_Stored data:_

━━━

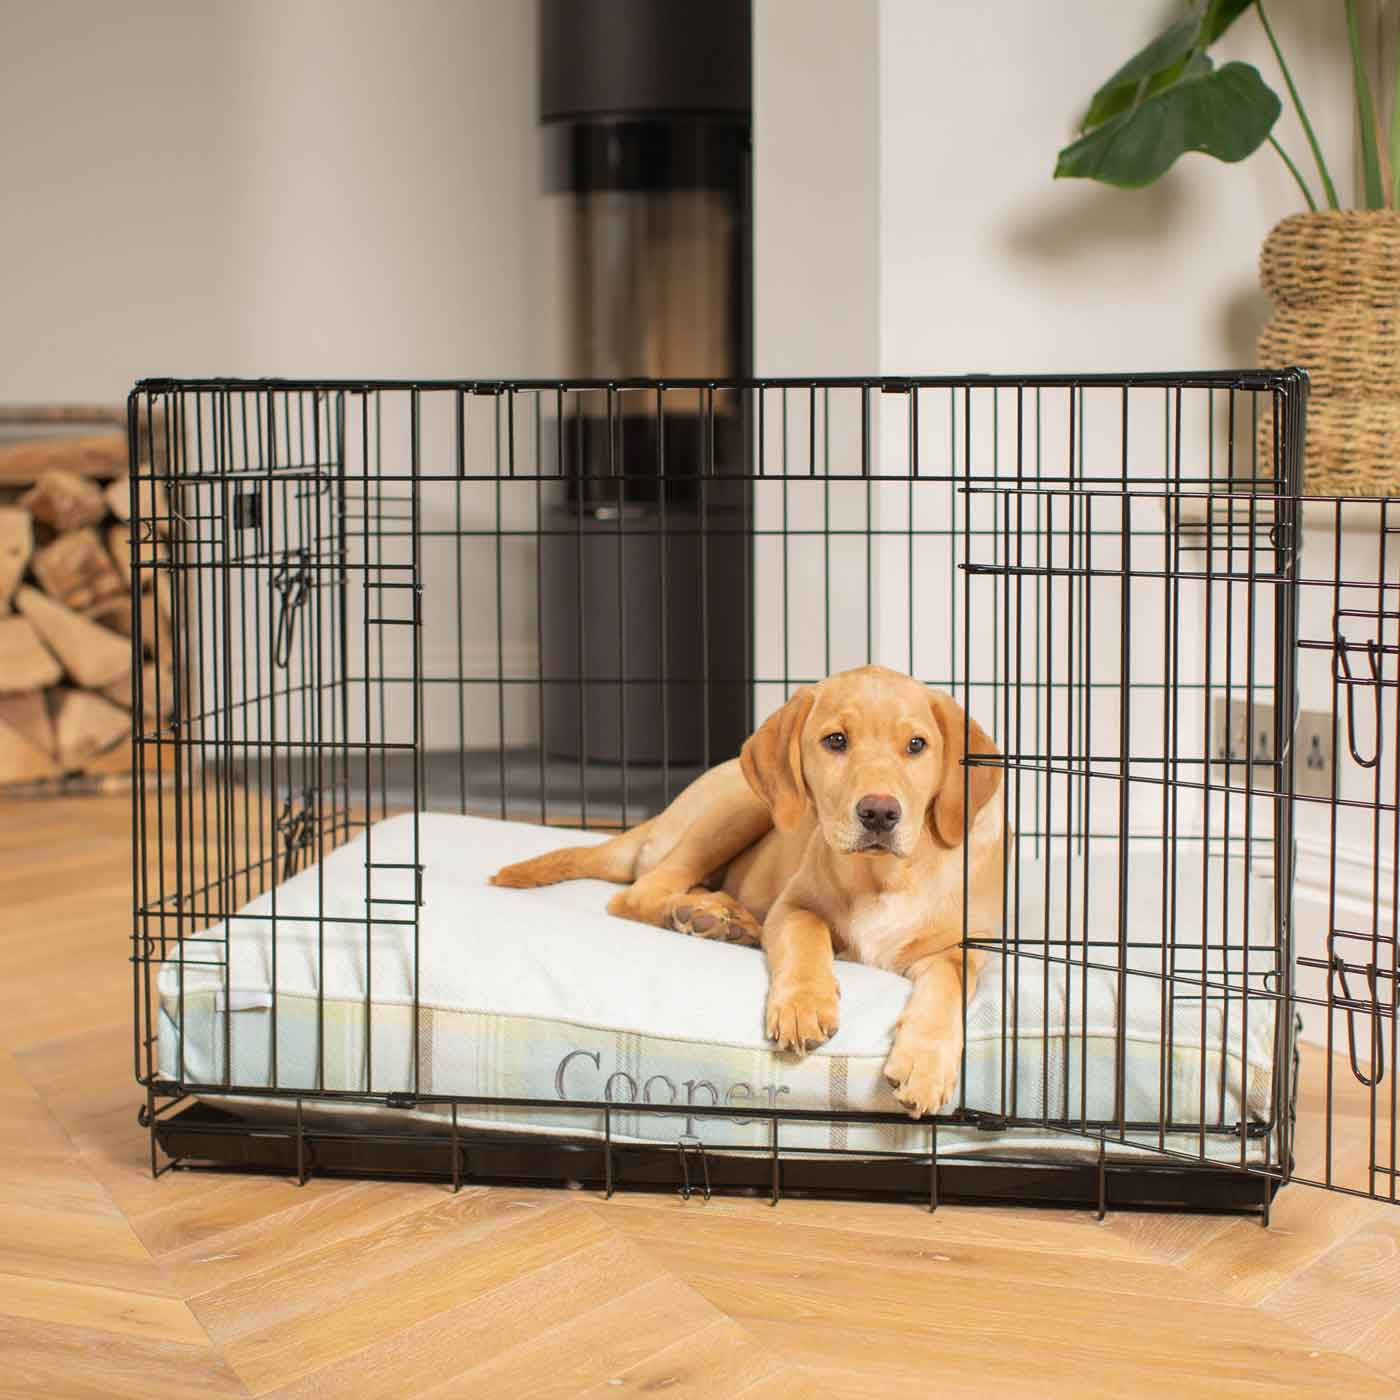 Luxury Dog Crate Cushion, Balmoral Duck Egg Tweed Crate Cushion The Perfect Dog Crate Accessory, Available To Personalise Now at Lords & Labradors
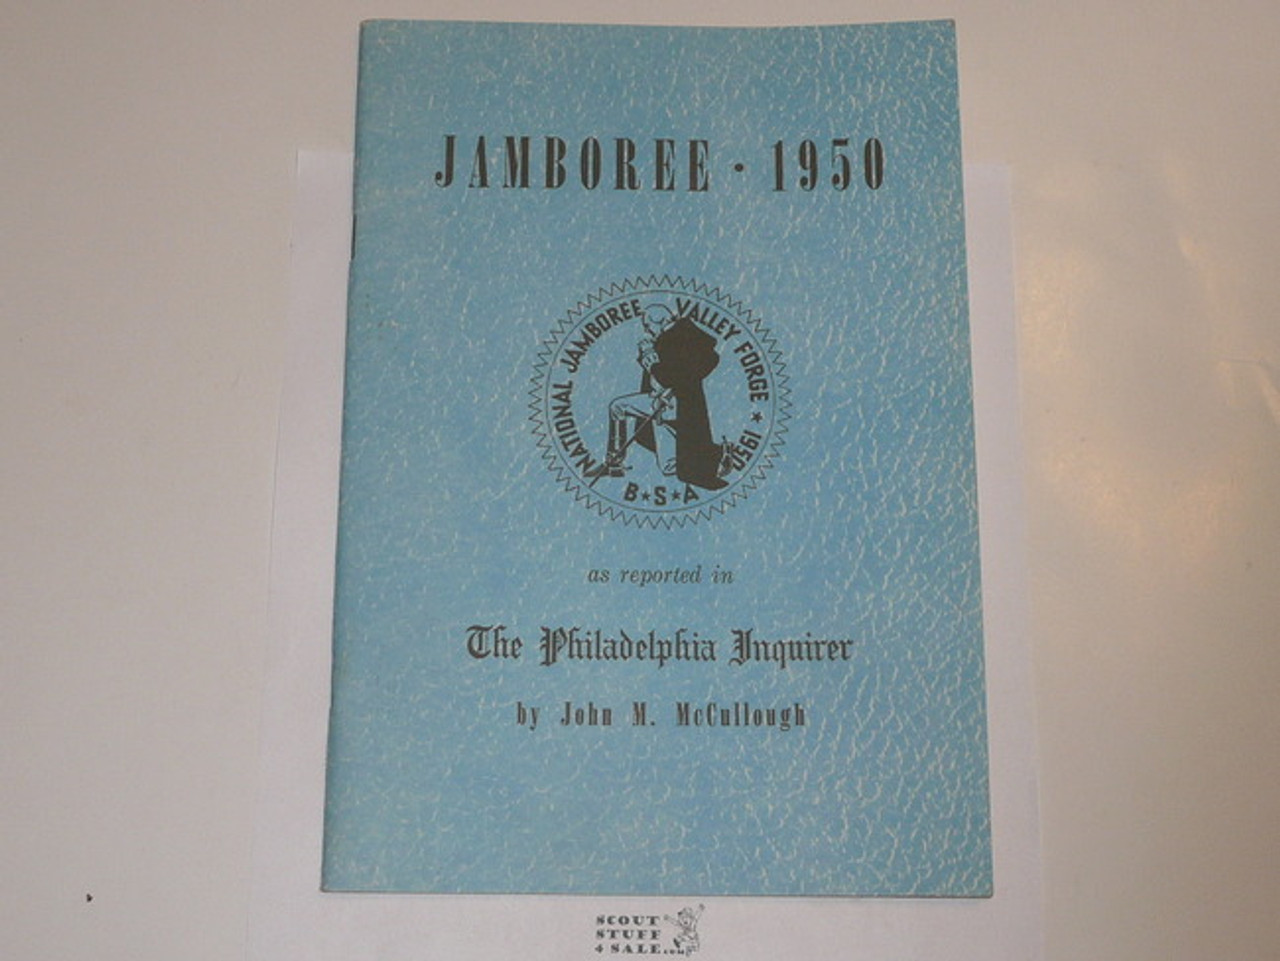 1950 National Jamboree Reprints of Articles From the Philadelphia Inquirer, Lots of Pictures and Great Articles
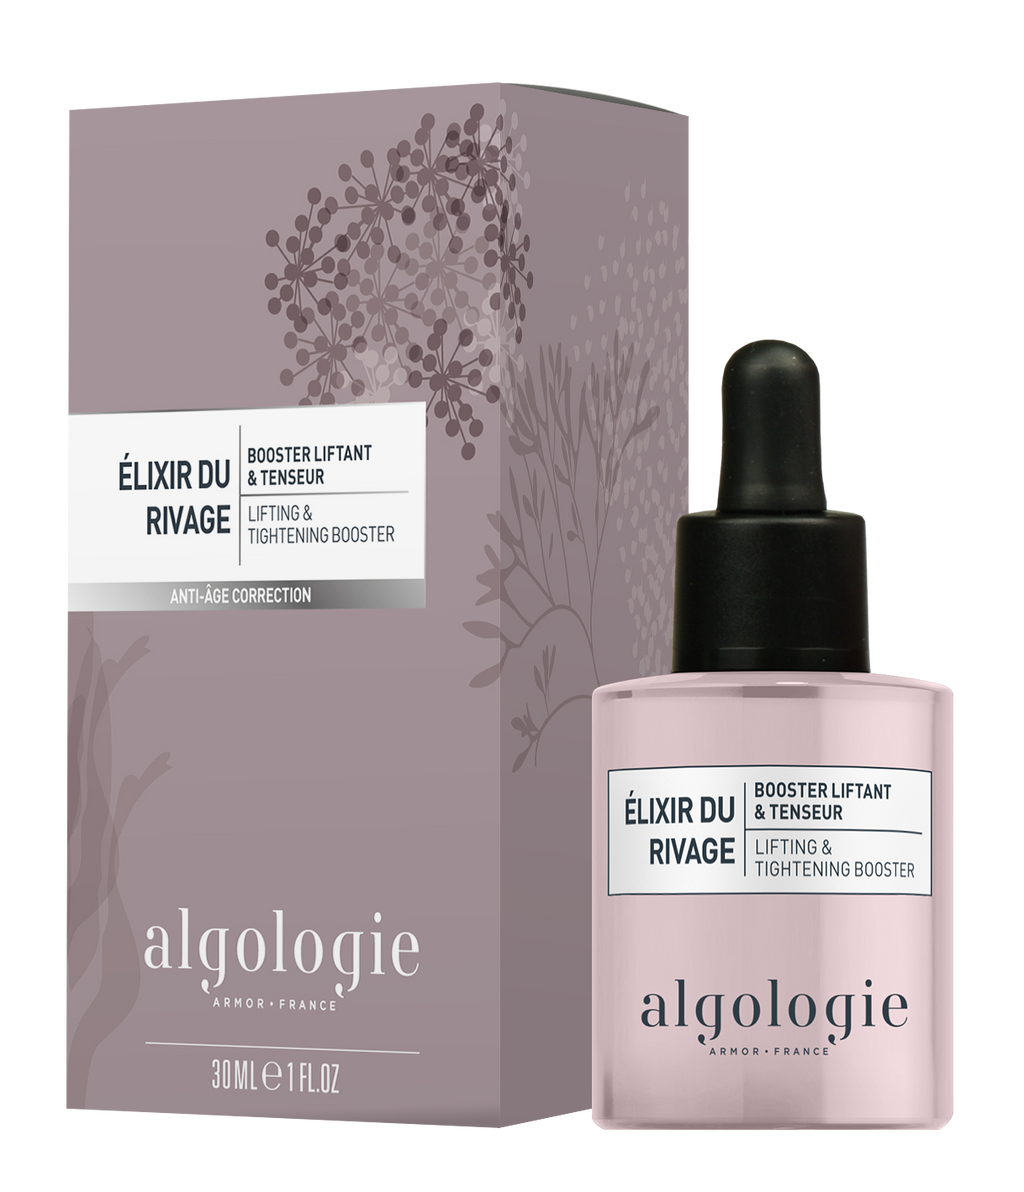 Algologie Rivage Lifting & Tightening Booster 30ml

━━━

_Work required:_ From the line that contains "1950 National Jamboree" to the last line of the data above, inclusive, transcribe every line exactly and only those lines, omitting pictures.

_Answer space:_
 1950 National Jamboree Reprints of Articles From the Philadelphia Inquirer, Lots of Pictures and Great Articles
 Algologie Rivage Lifting & Tightening Booster 30ml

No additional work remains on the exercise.